→ **Task requirements**
Return all of the data that follows precisely, leaving every image out.

→ **Information supplied**
_ _ _ _ _
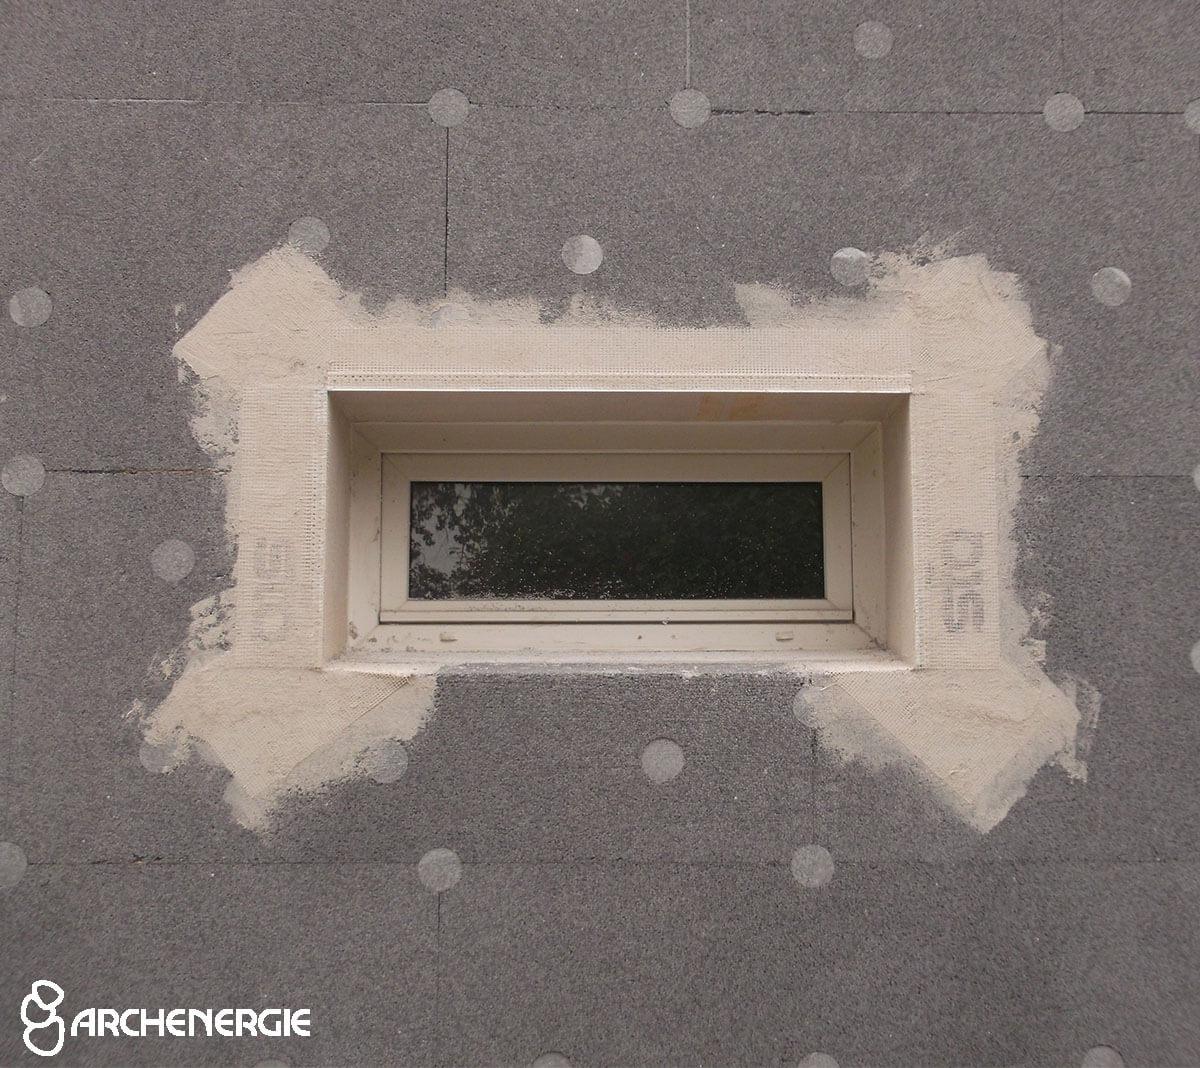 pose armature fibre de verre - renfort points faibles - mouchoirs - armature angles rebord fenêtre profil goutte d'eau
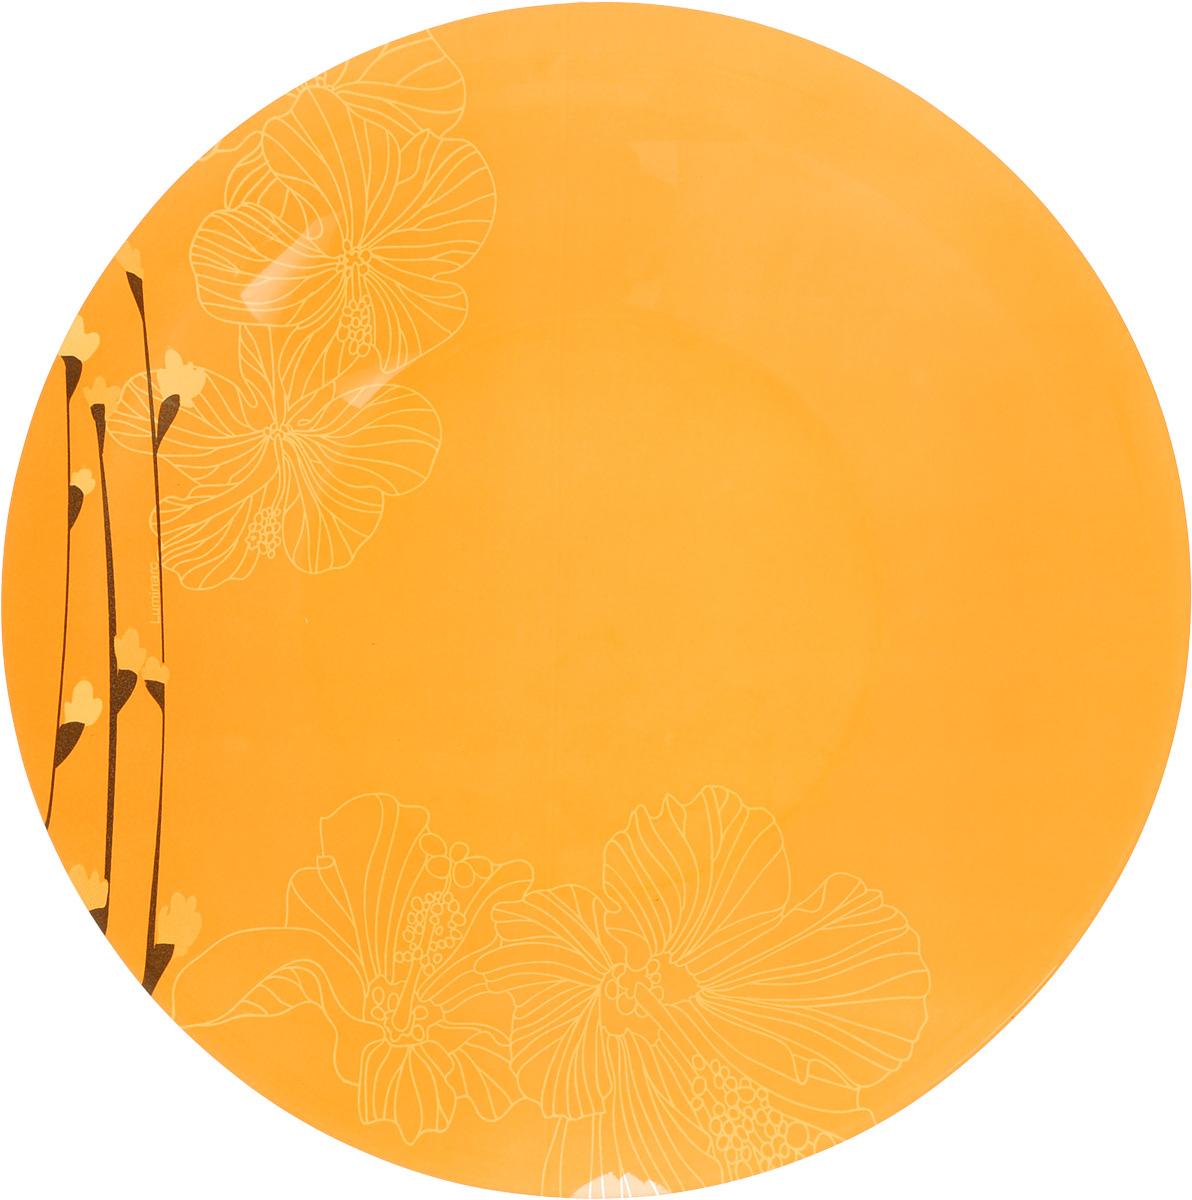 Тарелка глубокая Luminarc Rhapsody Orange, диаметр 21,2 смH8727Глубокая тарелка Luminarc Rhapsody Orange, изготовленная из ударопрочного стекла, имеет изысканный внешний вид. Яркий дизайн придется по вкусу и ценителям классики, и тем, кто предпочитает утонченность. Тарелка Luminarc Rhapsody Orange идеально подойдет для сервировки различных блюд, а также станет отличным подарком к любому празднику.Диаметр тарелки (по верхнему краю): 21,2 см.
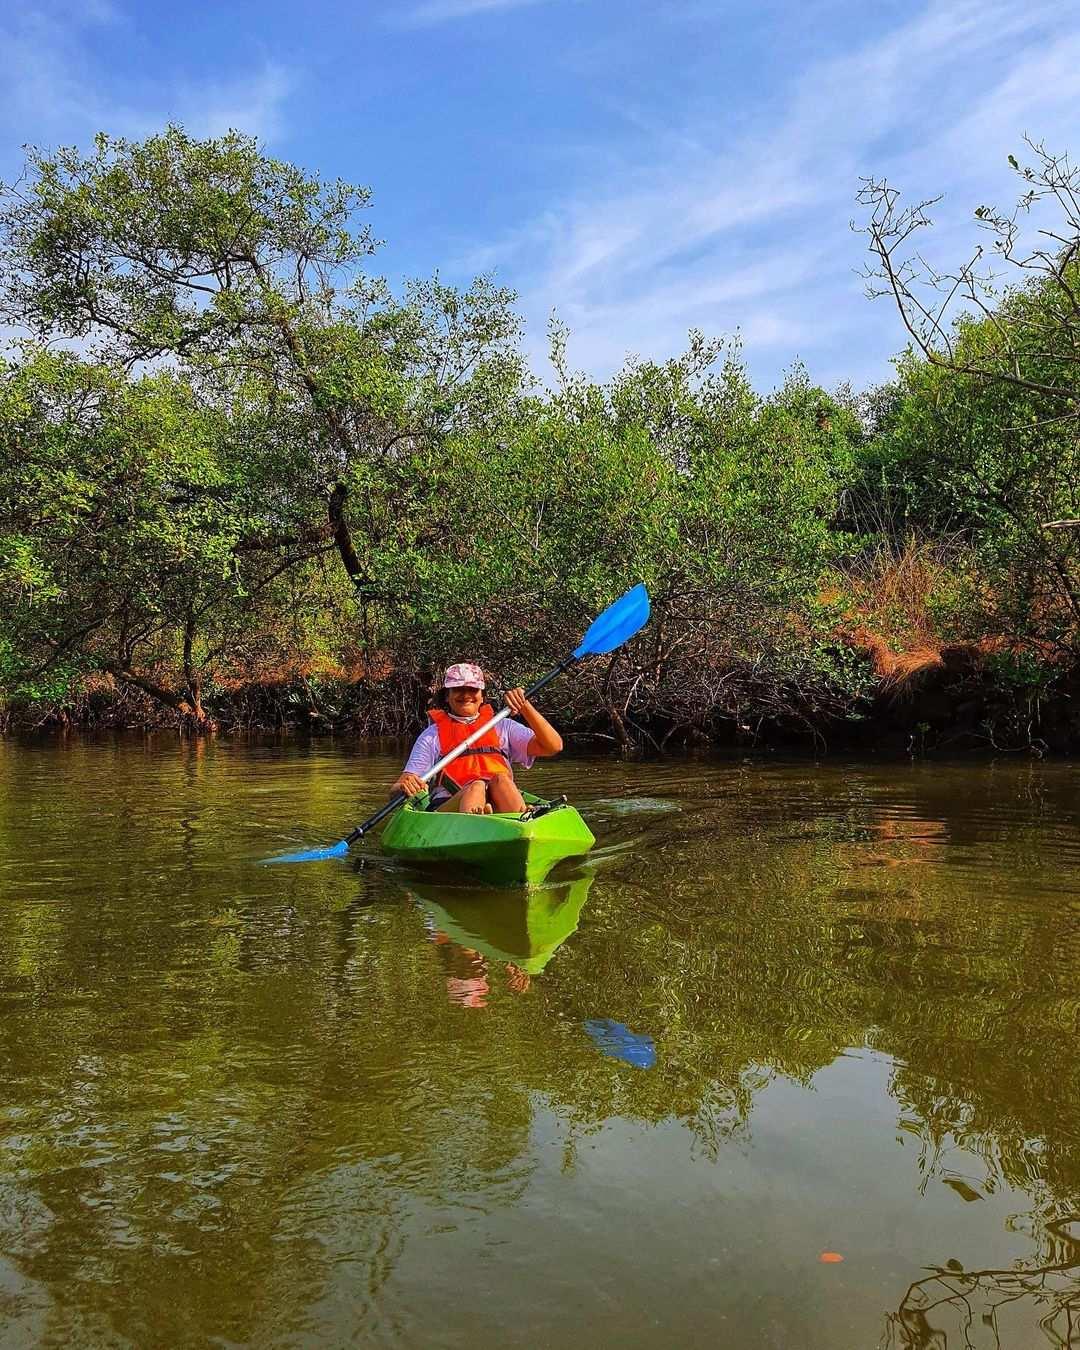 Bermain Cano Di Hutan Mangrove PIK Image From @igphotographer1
_ _ _ _ _
→ **Answer space**
 pose armature fibre de verre - renfort points faibles - mouchoirs - armature angles rebord fenêtre profil goutte d'eau
 Тарелка глубокая Luminarc Rhapsody Orange, диаметр 21,2 смH8727Глубокая тарелка Luminarc Rhapsody Orange, изготовленная из ударопрочного стекла, имеет изысканный внешний вид. Яркий дизайн придется по вкусу и ценителям классики, и тем, кто предпочитает утонченность. Тарелка Luminarc Rhapsody Orange идеально подойдет для сервировки различных блюд, а также станет отличным подарком к любому празднику.Диаметр тарелки (по верхнему краю): 21,2 см.
 Bermain Cano Di Hutan Mangrove PIK Image From @igphotographer1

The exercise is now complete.